*Records*
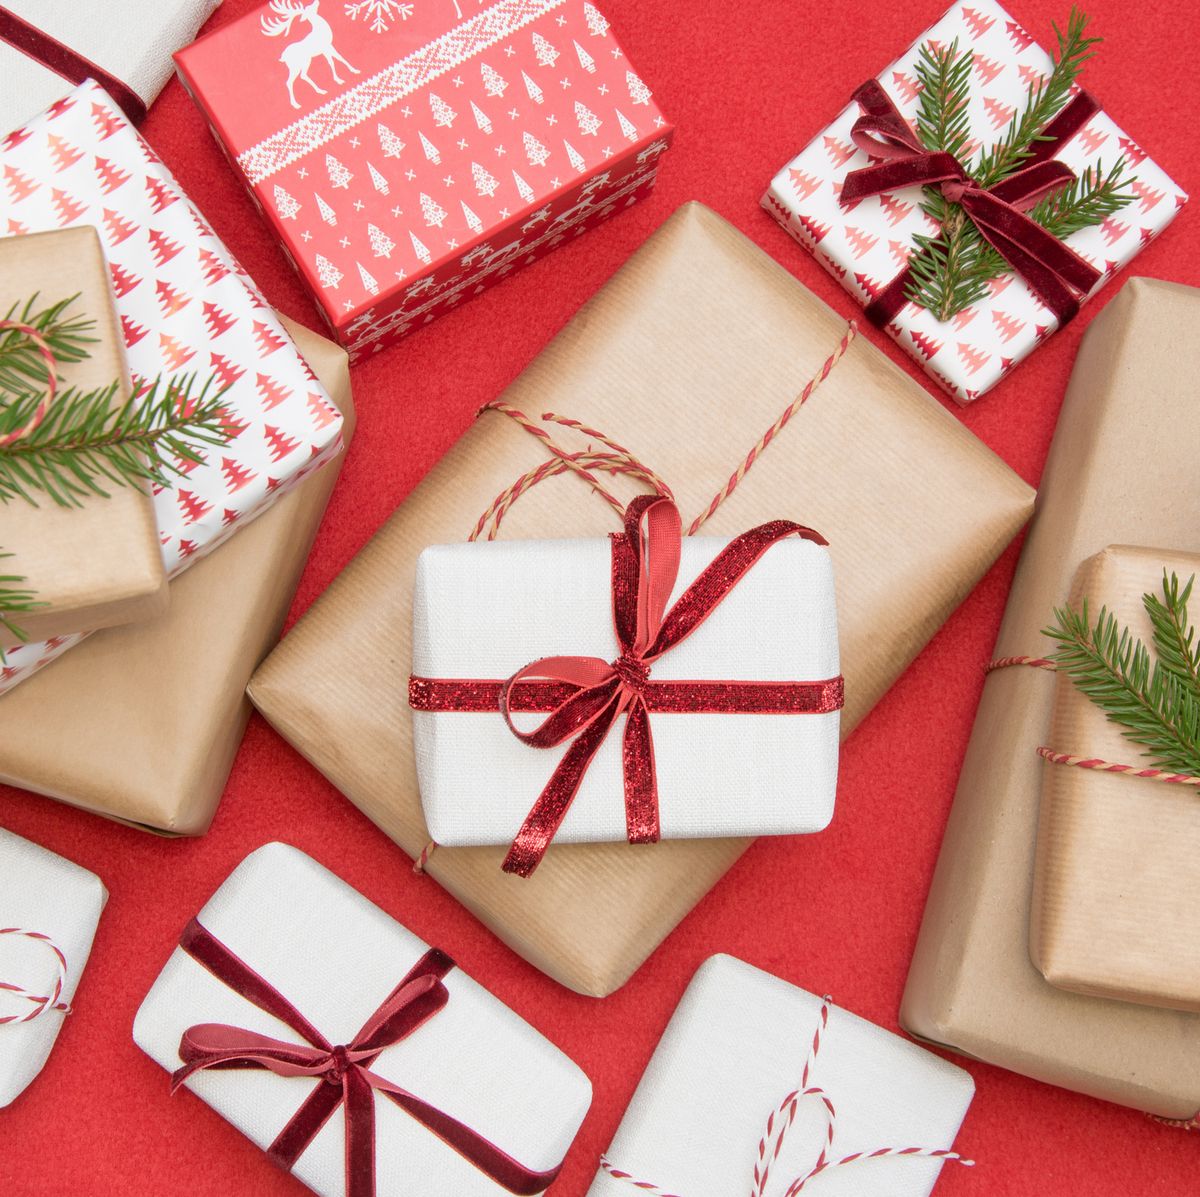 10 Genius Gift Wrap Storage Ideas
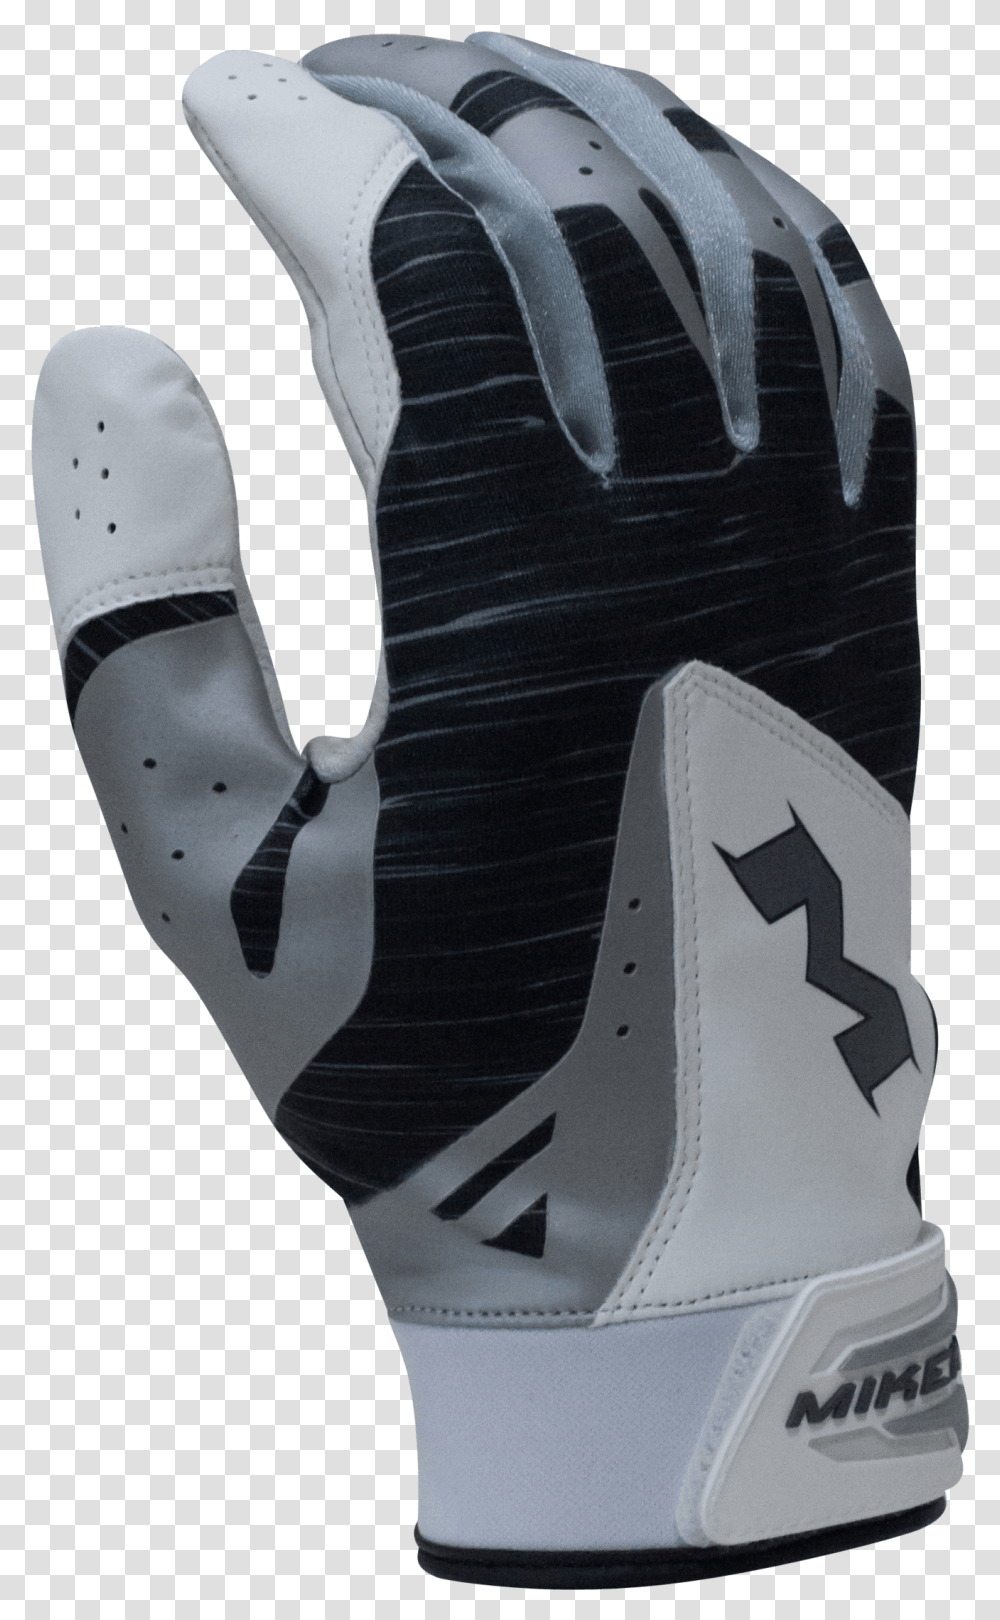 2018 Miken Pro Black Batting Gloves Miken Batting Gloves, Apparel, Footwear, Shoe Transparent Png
---
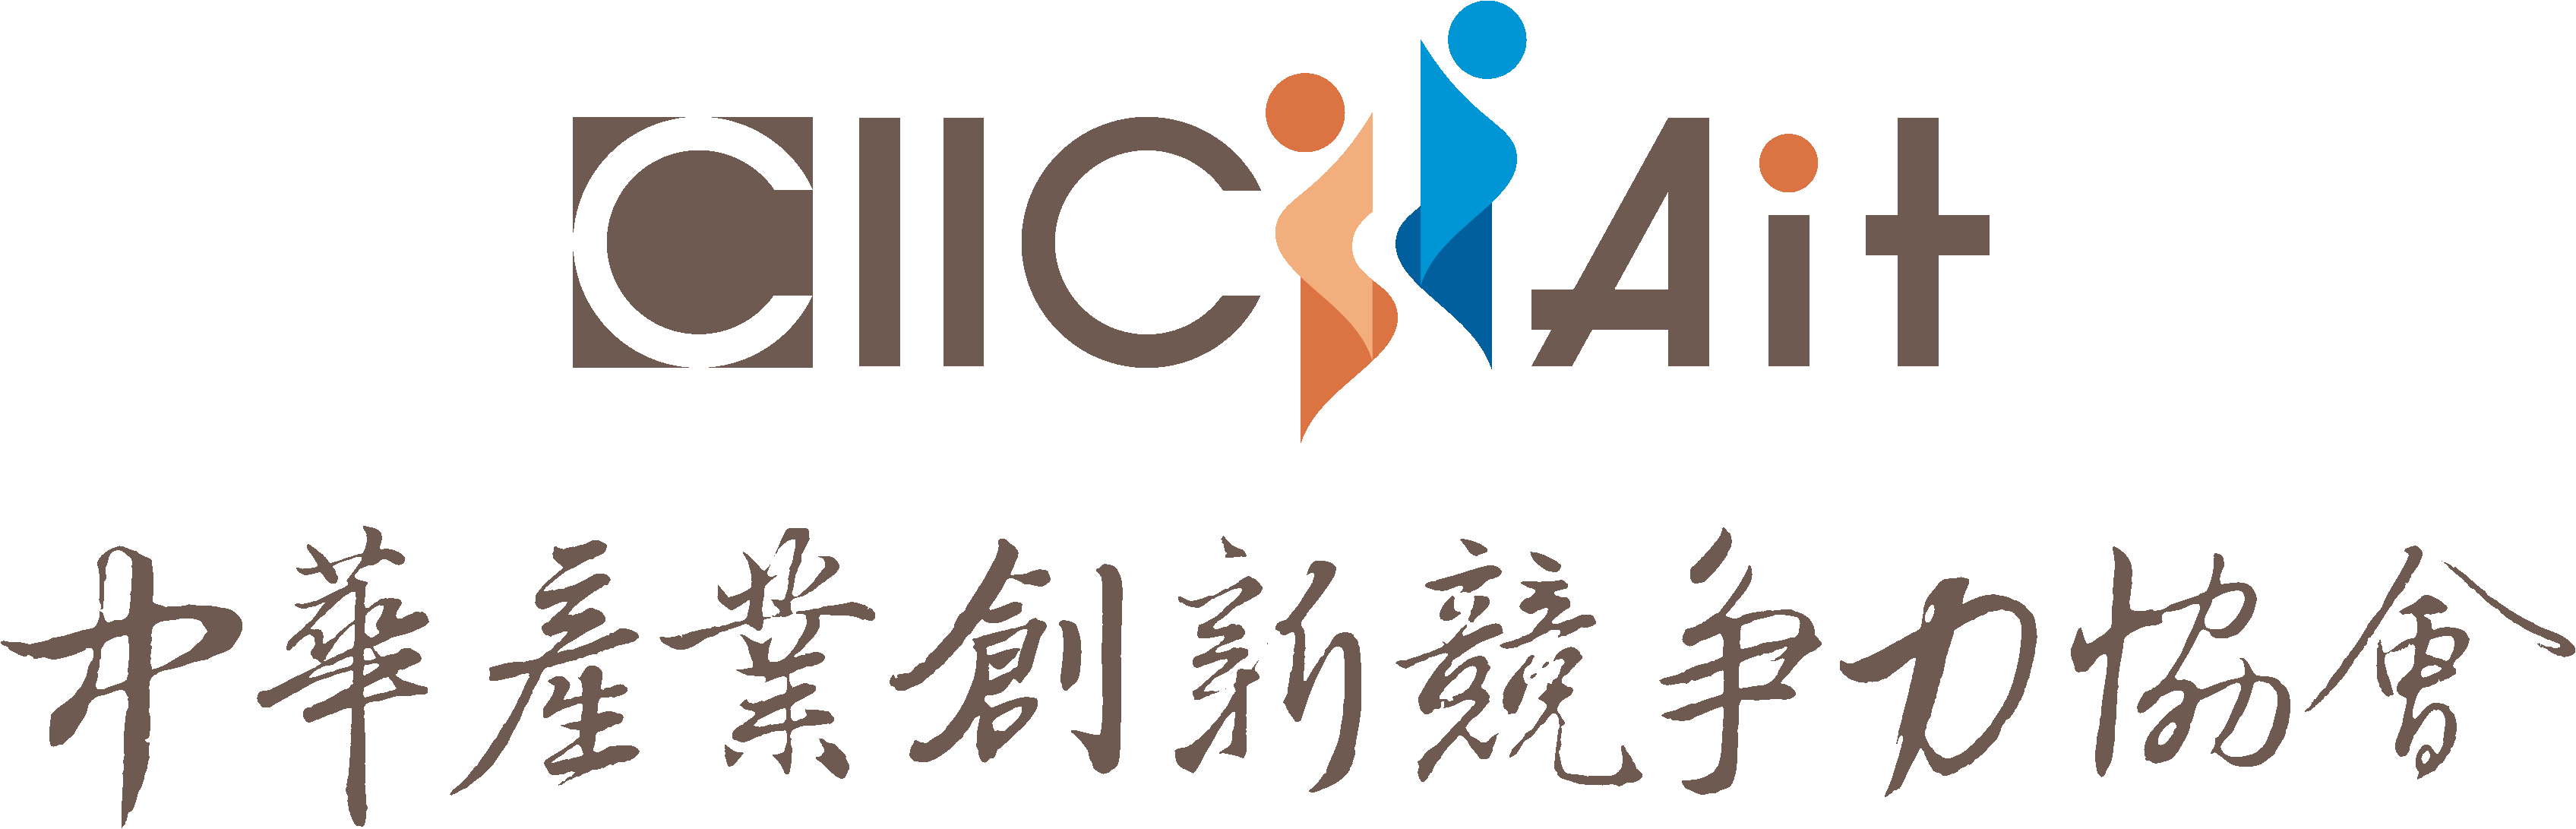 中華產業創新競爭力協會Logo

*Activity*
Leaving all pictures out, output exactly the lines of the material above from the line with "10 Genius Gift Wrap Storage Ideas" to the line with "2018 Miken Pro", both included.

*Answer area*
 10 Genius Gift Wrap Storage Ideas
 2018 Miken Pro Black Batting Gloves Miken Batting Gloves, Apparel, Footwear, Shoe Transparent Png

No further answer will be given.